The architecture is deliberately modular and open. Parser, enrichment, inference, and fraud modules are independently maintained and testable. New fraud rules can be added without touching the data pipeline. New enrichment sources can be plugged in without disrupting the rule engine — ensuring GST Fraud Shield evolves with India's GST law and portal landscape.
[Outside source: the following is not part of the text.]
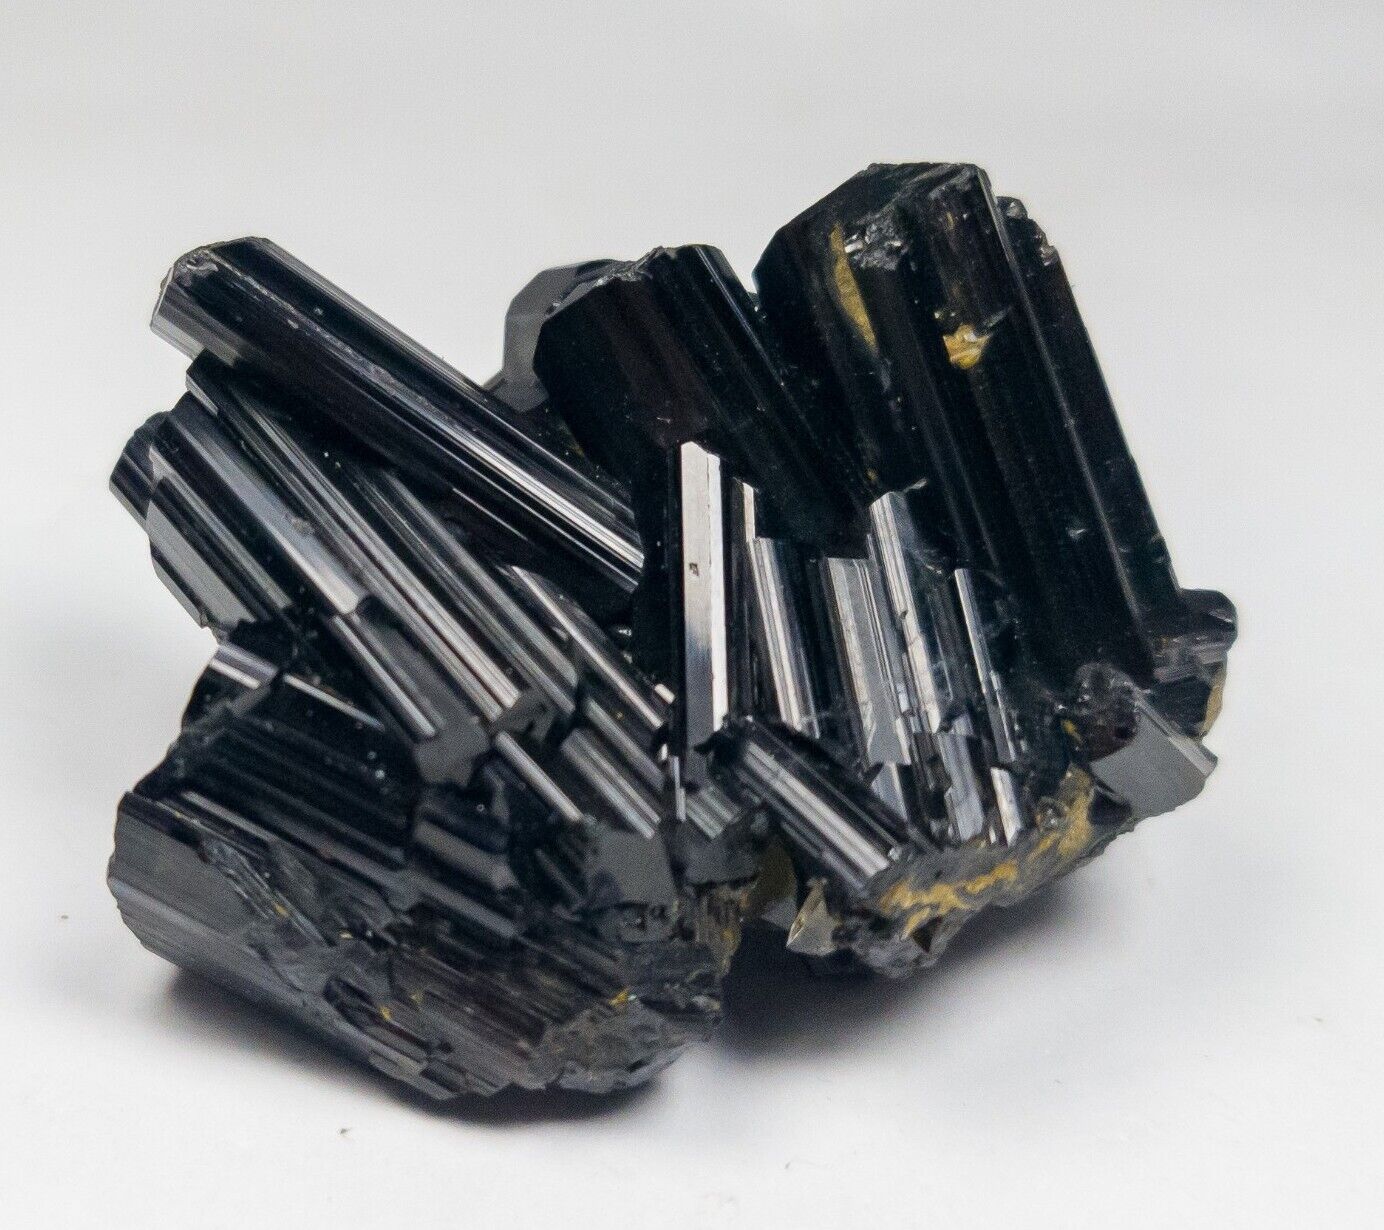 Shiny Terminated Black Tourmaline Crystal Cluster  Skardu, Pakistan  51g
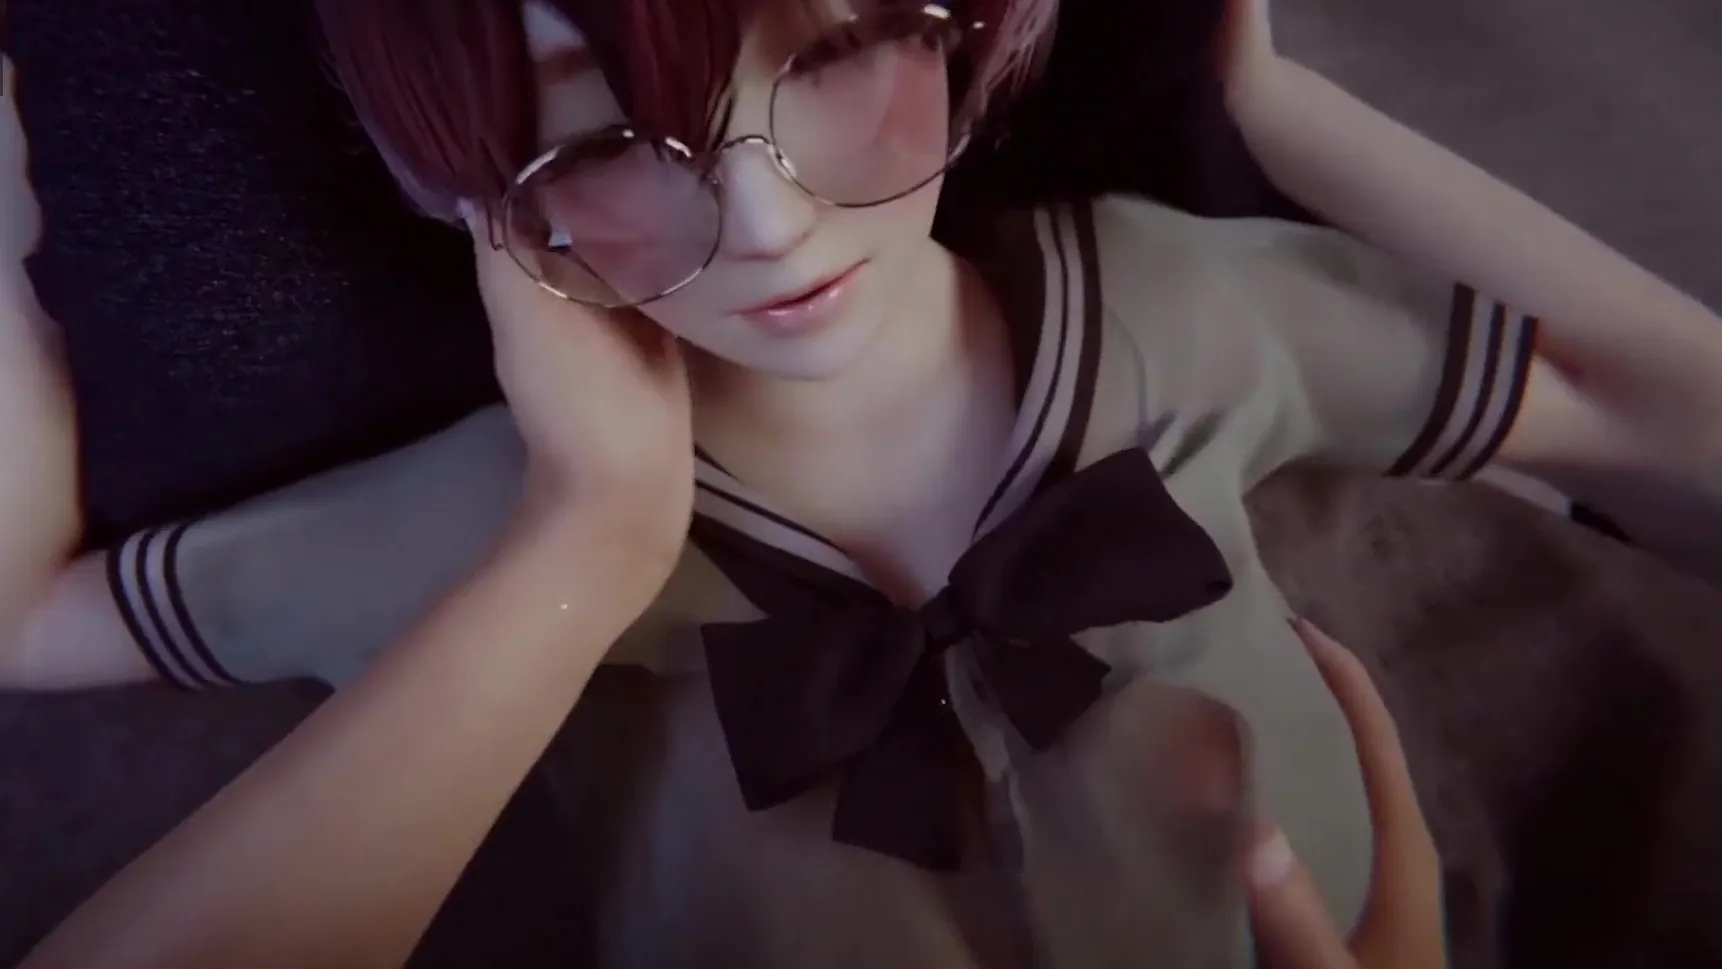 Cartoon Asian Girls Glasses Nude - POV 3d fucking with a teen shy schoolgirl in a cute uniform

The dual-mode deployment model — browser dashboard for shared access, Electron desktop for privacy-first offline use — ensures the tool fits diverse CA practice environments. Built-in multi-format export means audit findings are immediately usable in compliance filings, client reports, and regulatory submissions.
The vision is straightforward: every tax professional in India — whether an independent CA or a GST intelligence officer — should have access to the same quality of fraud detection intelligence that today requires specialized teams and expensive enterprise software. GST Fraud Shield is that equalizer.